» **Work to complete**
Leaving out all pictures, copy the lines below exactly, from the line with "X-JUSEN Print Granite" to the last line, both ends included.
Start of Information shown
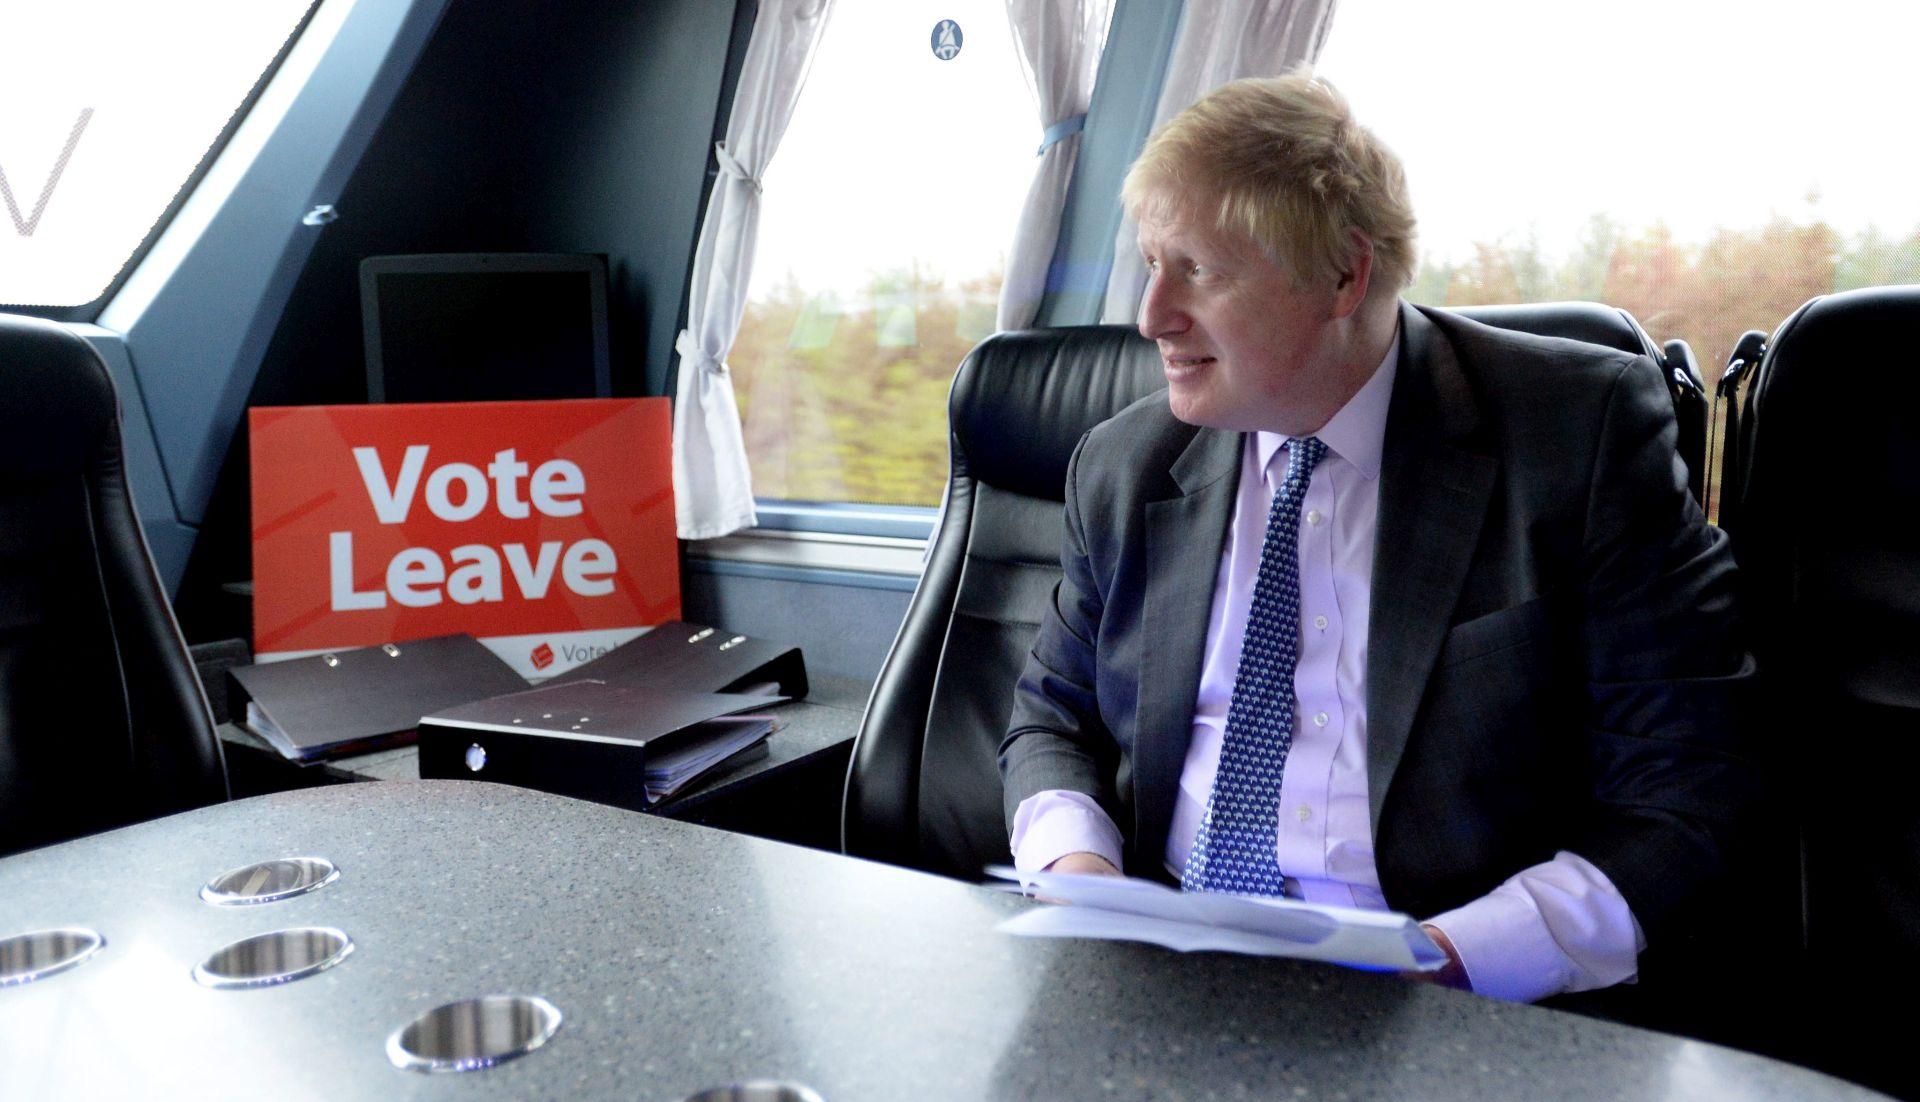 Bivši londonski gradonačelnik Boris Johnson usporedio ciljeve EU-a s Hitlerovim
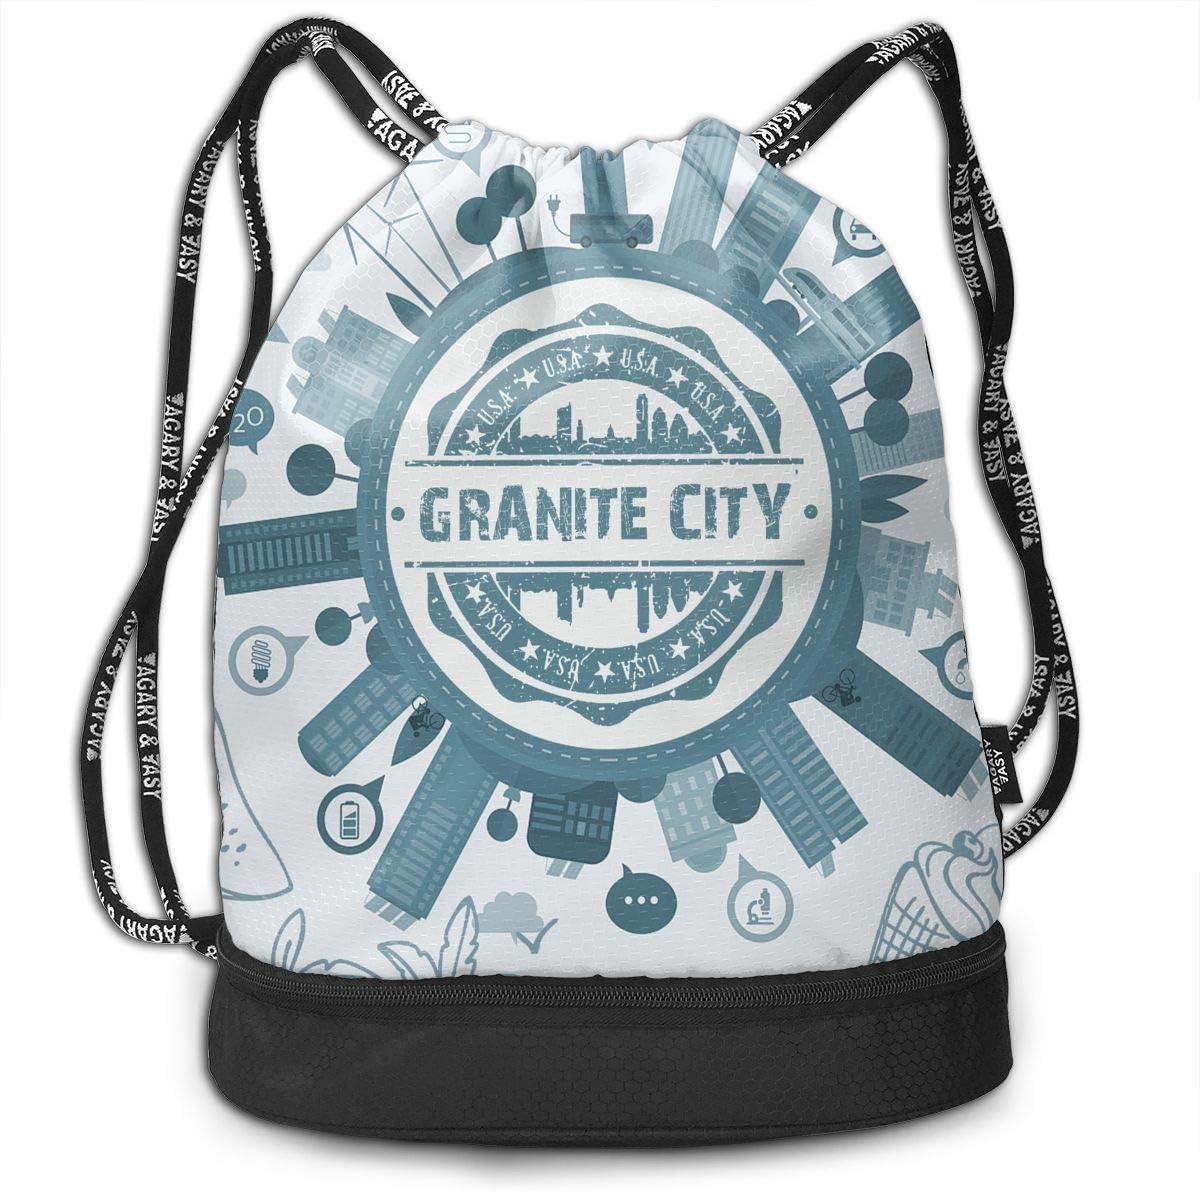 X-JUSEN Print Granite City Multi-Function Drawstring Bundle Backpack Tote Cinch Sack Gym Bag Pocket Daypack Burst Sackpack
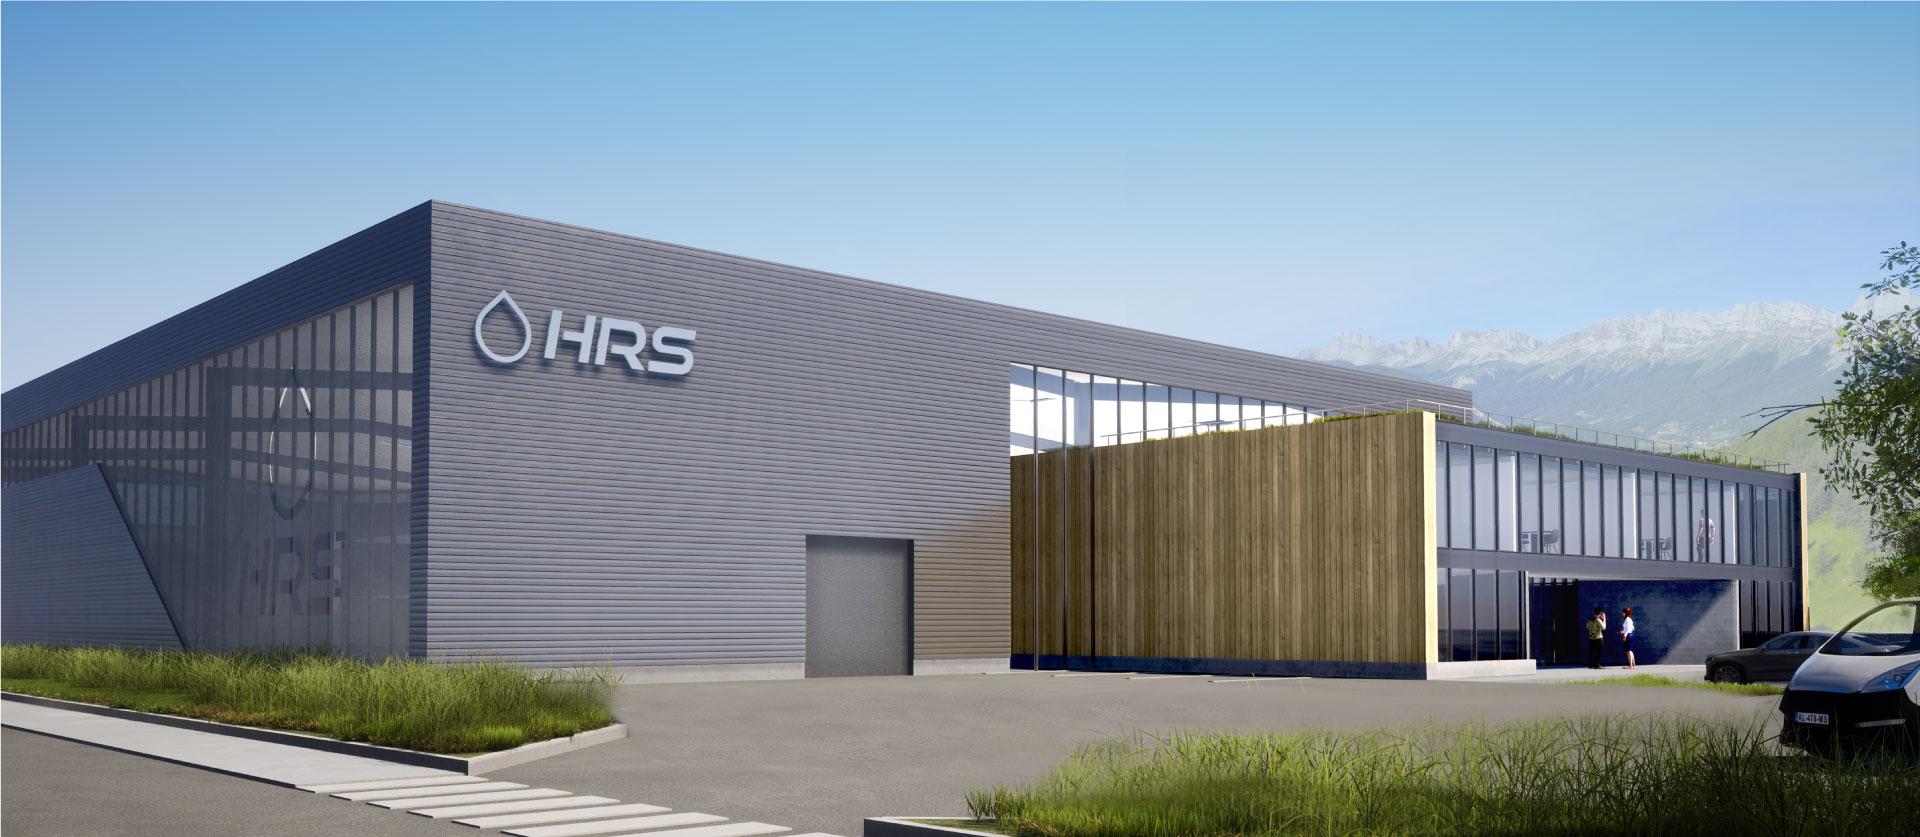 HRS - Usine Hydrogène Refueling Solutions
End of Information shown
» **Written answer**
 X-JUSEN Print Granite City Multi-Function Drawstring Bundle Backpack Tote Cinch Sack Gym Bag Pocket Daypack Burst Sackpack
 HRS - Usine Hydrogène Refueling Solutions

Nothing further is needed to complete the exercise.